» Task directions: Go through the material and set down every line without alteration.

» Material provided:
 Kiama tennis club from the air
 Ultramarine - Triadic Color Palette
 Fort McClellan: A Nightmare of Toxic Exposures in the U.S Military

» Result of this exercise:
 Kiama tennis club from the air
 Ultramarine - Triadic Color Palette
 Fort McClellan: A Nightmare of Toxic Exposures in the U.S Military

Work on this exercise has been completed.